Undeterred, Shah built a pilot production facility and started working with the microalgae spirulina, as an additive for shrimp and fish feed.
“In 2011, I had a contract to sell 30 metric tons (MT) per year and thought I was well on the way to success, but a major flooding event destroyed the pilot plant, which was key as a demonstration unit to raise funds to scale-up,” he said.
We’ve known about spirulina’s superpowers since the UN deemed it a superfood in the ’70s.

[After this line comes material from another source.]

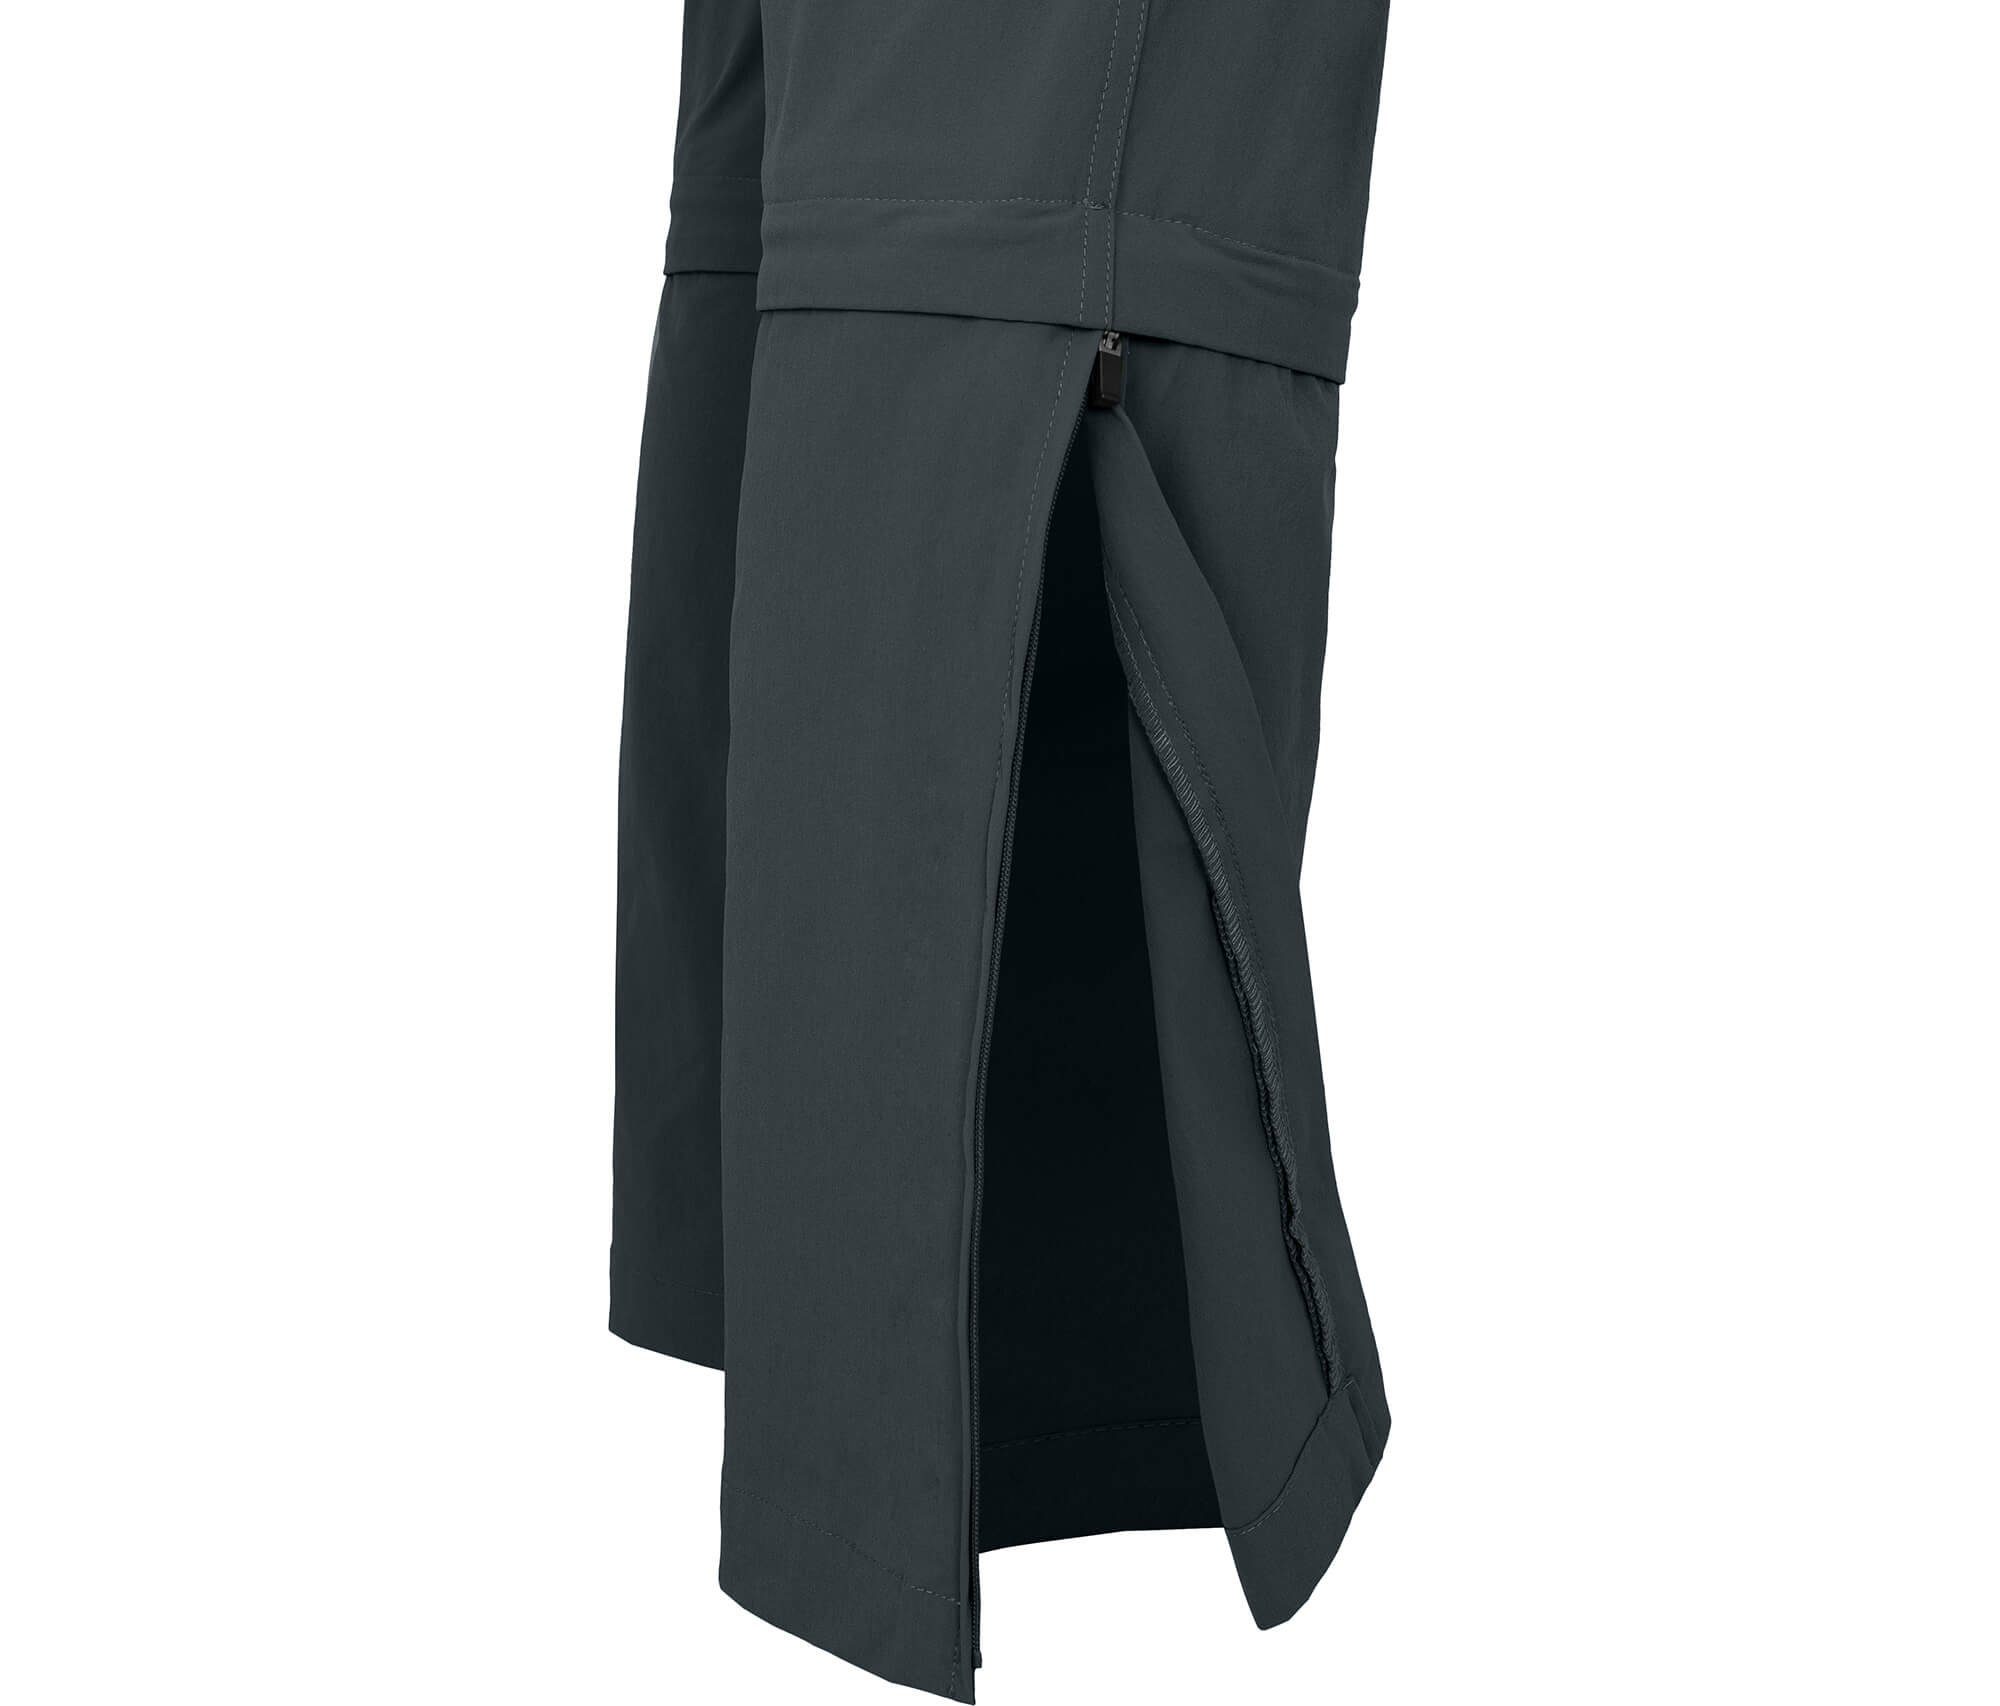 Bergson QUEENSLAND pflegeleicht, Normalgrößen, Doppel dunkel grau mit Zipp-Off Herren Zip-off-Hose Wanderhose, vielseitig, T-ZIPP

Once again, Shah had to pivot on the fly, and he hit on the idea of focussing on “future food,” growing algae on rooftops for human consumption. He explained that Thailand was a perfect place to produce spirulina, which grows best in temperatures between 30 and 35 degrees-C.

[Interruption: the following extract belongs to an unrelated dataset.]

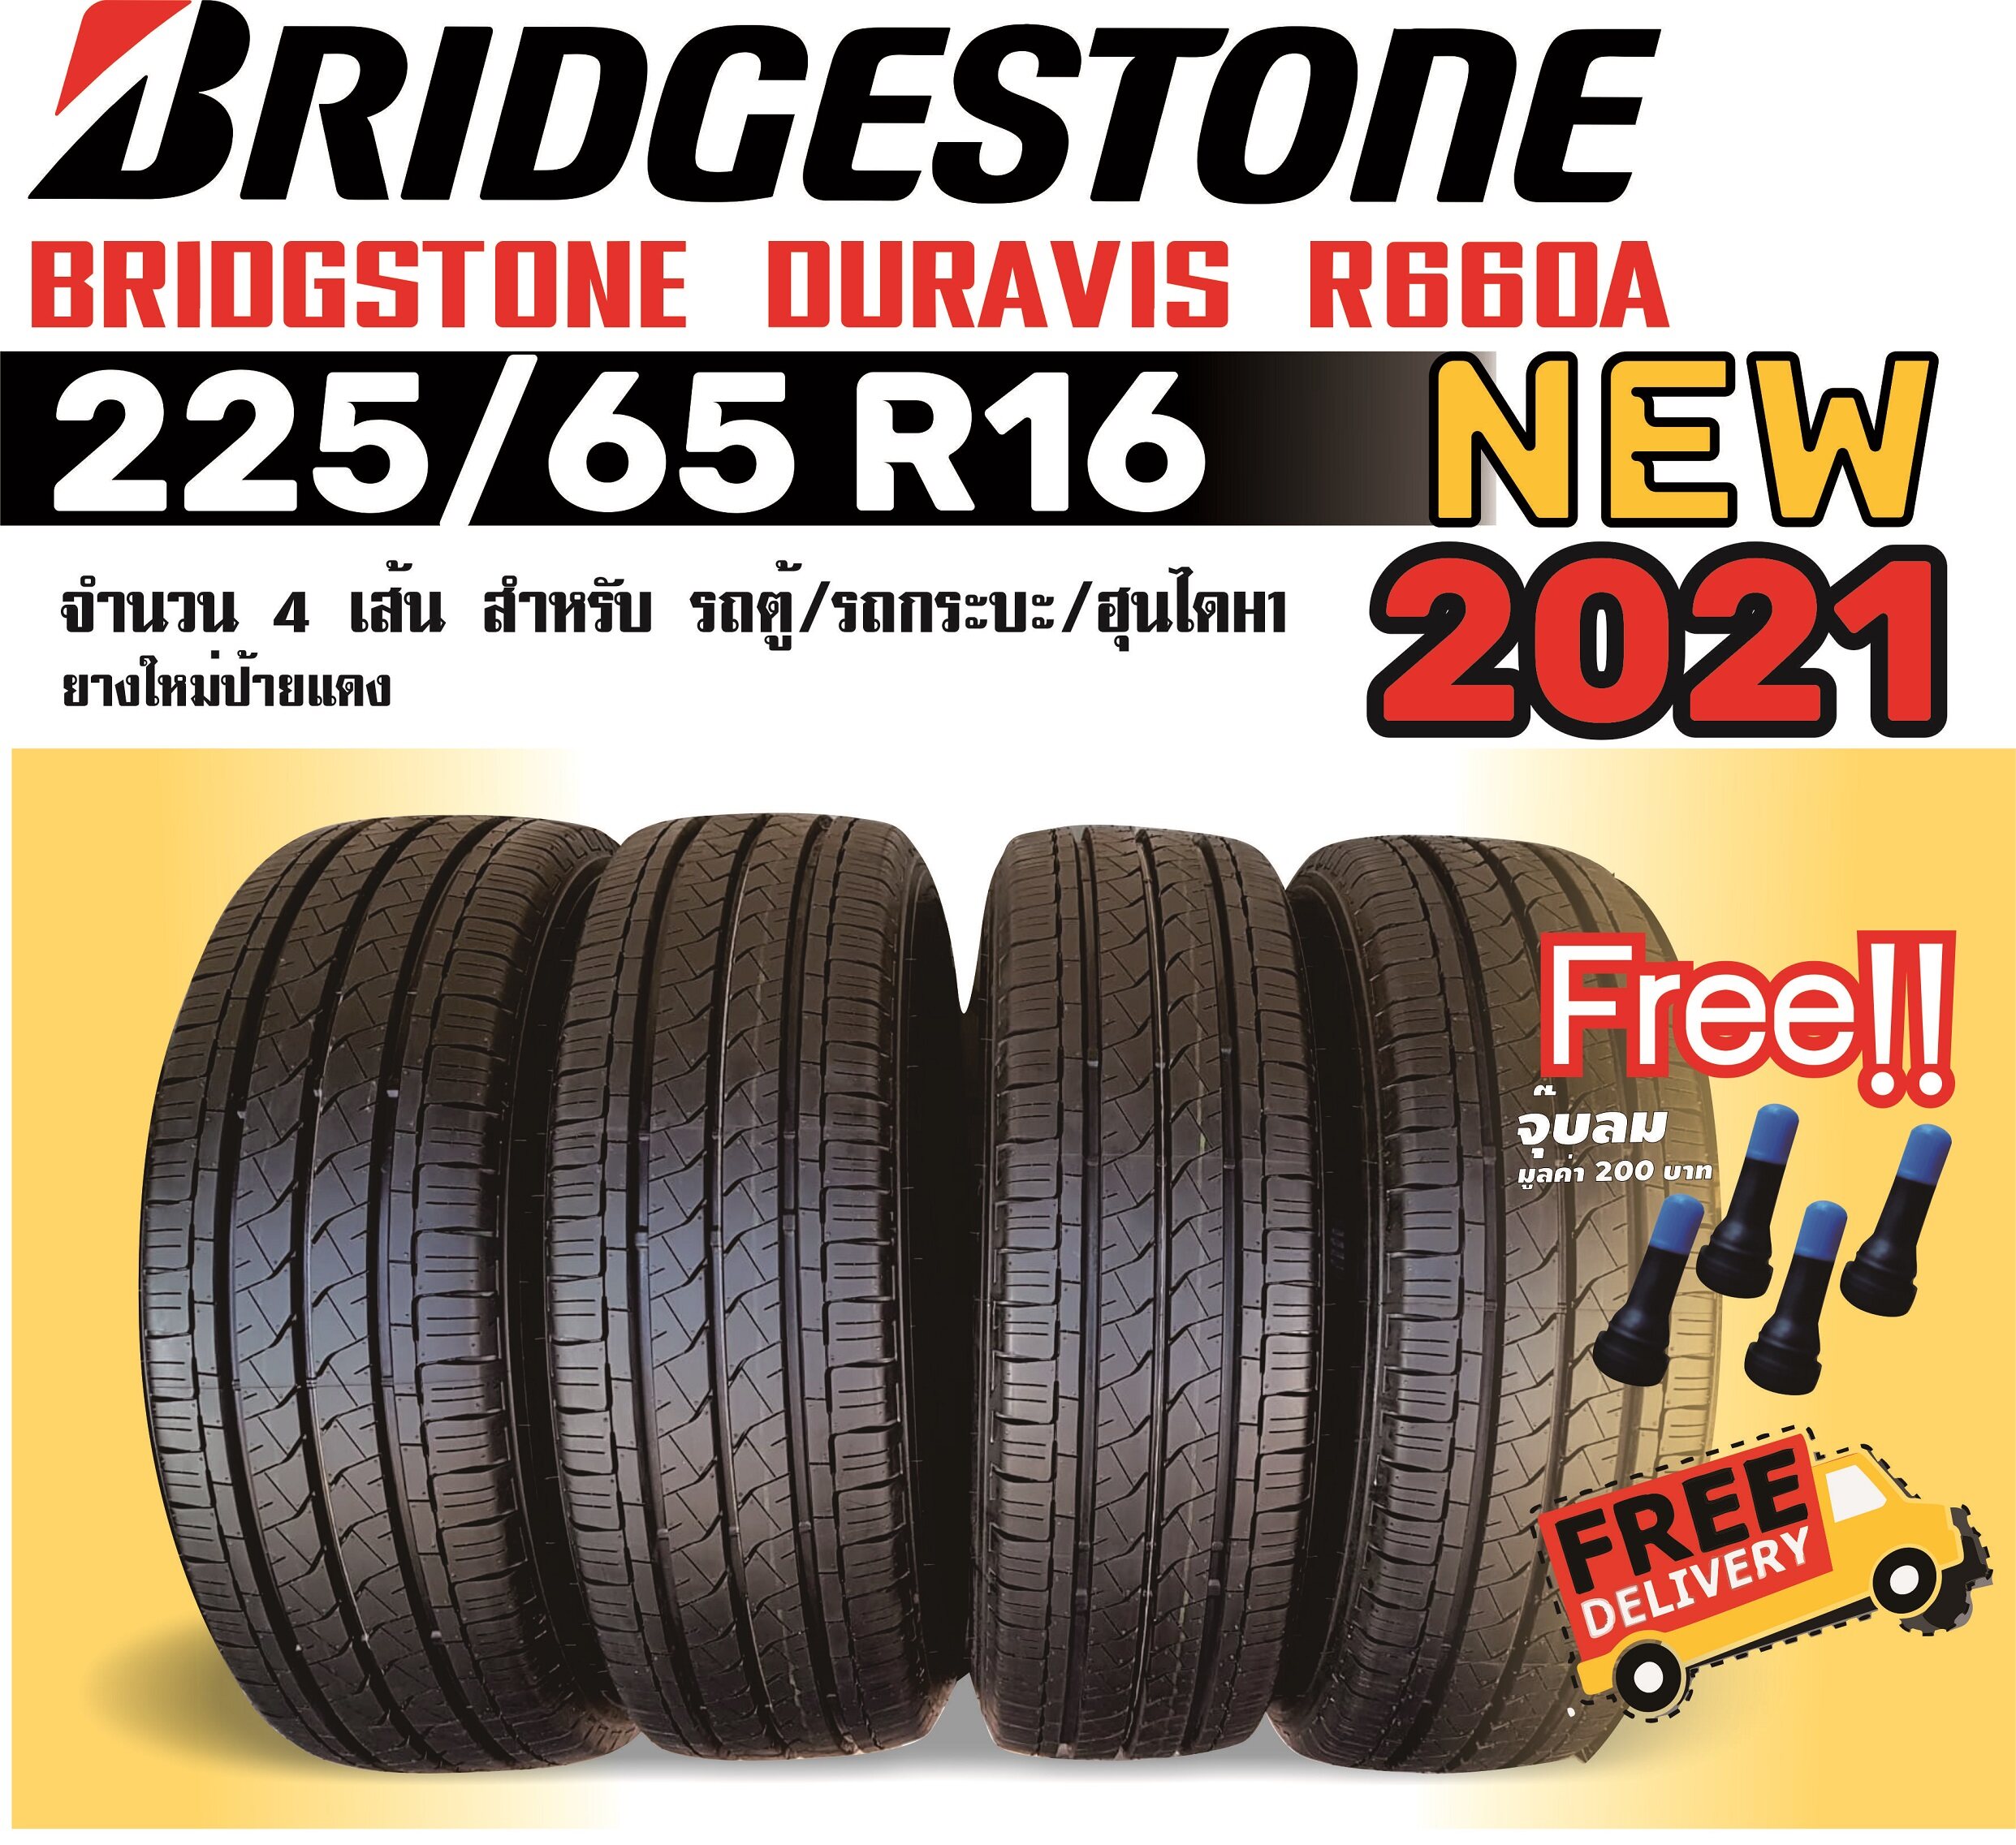 225/65R16  [จัดส่งฟรี] Bridgestone DURAVIS R660A ปี21 ยางใหม่ป้ายแดงถอดโชว์รูม จำนวน 4 เส้น/1ชุด +++ฟรีจุ๊บยางใหม่+++

“A genuine concern for Mother Earth and motivation to make a difference to the environment spurred me on to keep EnerGaia going, whenever we encountered each issue,” Shah said.
His first step was to make a deal with the Novotel Bangkok to grow spirulina on the roof. He also put a laboratory on the third floor of his office in downtown Bangkok and started producing and processing algae.

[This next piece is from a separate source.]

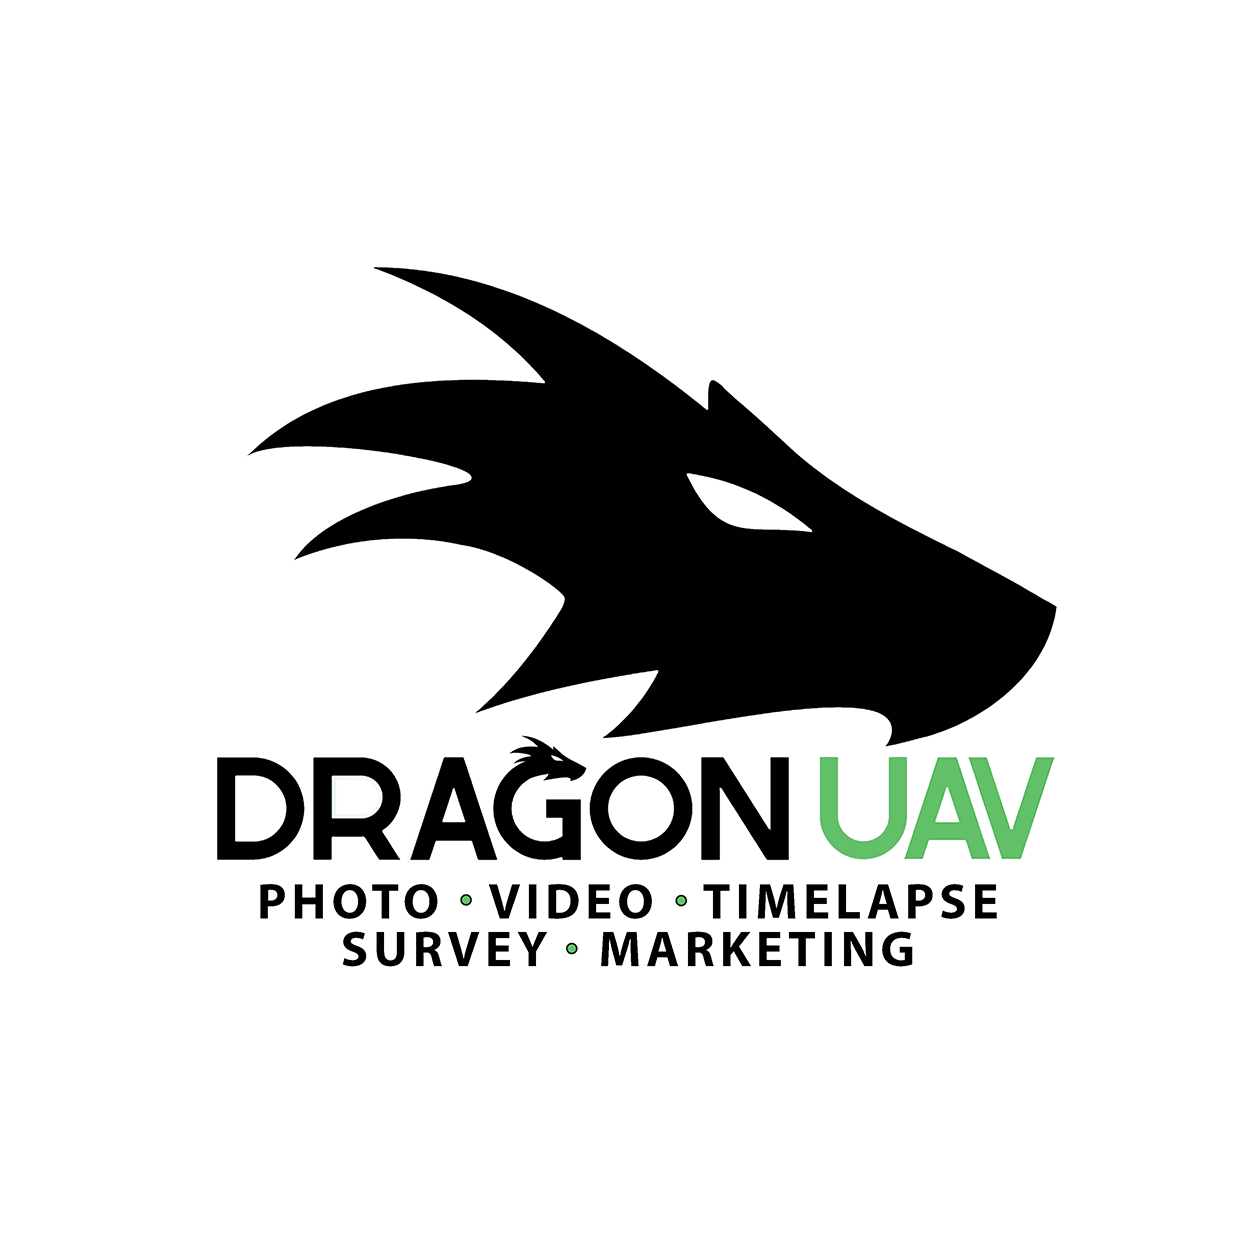 Dragon UAV Company Logo - Dragon Head with text "Photo, Video, timelapse, Survey, Marketing"

“We quickly saw that the quality of product from our system was high – food-grade, in fact – so we started selling spirulina direct to consumers, instead of feeding it to fish, then selling them the fish. However, spirulina is still an exciting product for the aquaculture feed industry, and we plan to revisit and explore the opportunities once we have successfully scaled up and have more capacity,” Shah said.
EnerGaia is also working on methods to extract higher value compounds from the residual biomass and looking at different avenues for its use.
While Asia’s rooftops offered an ideal environment on which to grow spirulina, Shah realised that he would quickly run out of space and sought out areas for ground-based facilities.
“We are still keen to do more in the cities, perhaps on government-controlled buildings, which tend to be large and secure, and we have been working on the value proposition. If they see the real value behind it, they will embrace it. Paris did this and we want Asian cities to come onboard as well,” Shah said.
The EnerGaia system uses closed tanks, which are essentially large plastic bags surrounded by a wire mesh cage with a lid, or plastic bins for smaller scale systems. These are filled with water and mineral salts, plus a culture of spirulina.
“Depending on the sun and the temperature, a crop can be harvested within 10 to 14 days, and it can be as little as five days,” Shah said.
He explained that spirulina forms larger structures than most algae, as the cells stay connected. This makes it easier to collect when harvesting, which takes place by straining through a 40- to 50-micron cloth filter.
“We take 50 percent and leave the rest to start the next crop, so the plant is self-sustaining for a while, and every so often, we start with a new culture,” he said.
It may sound simple, but Shah said there is complexity involved, and that getting the water chemistry right was essential for a good crop.
His goal is to turn spirulina into a multi-million-ton bulk food industry, instead of the niche supplement sector it sits in today. The expected crop in 2020 is 45 to 50 MT, scaling up to 150 MT in 2021, then 500 MT the following year, with demand and finance the only limiting factors thereafter.
“The current focus of our research is to see how we can scale up the production stage to fulfil demand, and we have benefitted from Aqua-Spark’s and 500 Startups’ investment to help with this,” Shah said.
Aqua-Spark Co-founder and Managing Partner Amy Novogratz believes that Spirulina will play a big role in helping to meet the world’s growing demand for protein.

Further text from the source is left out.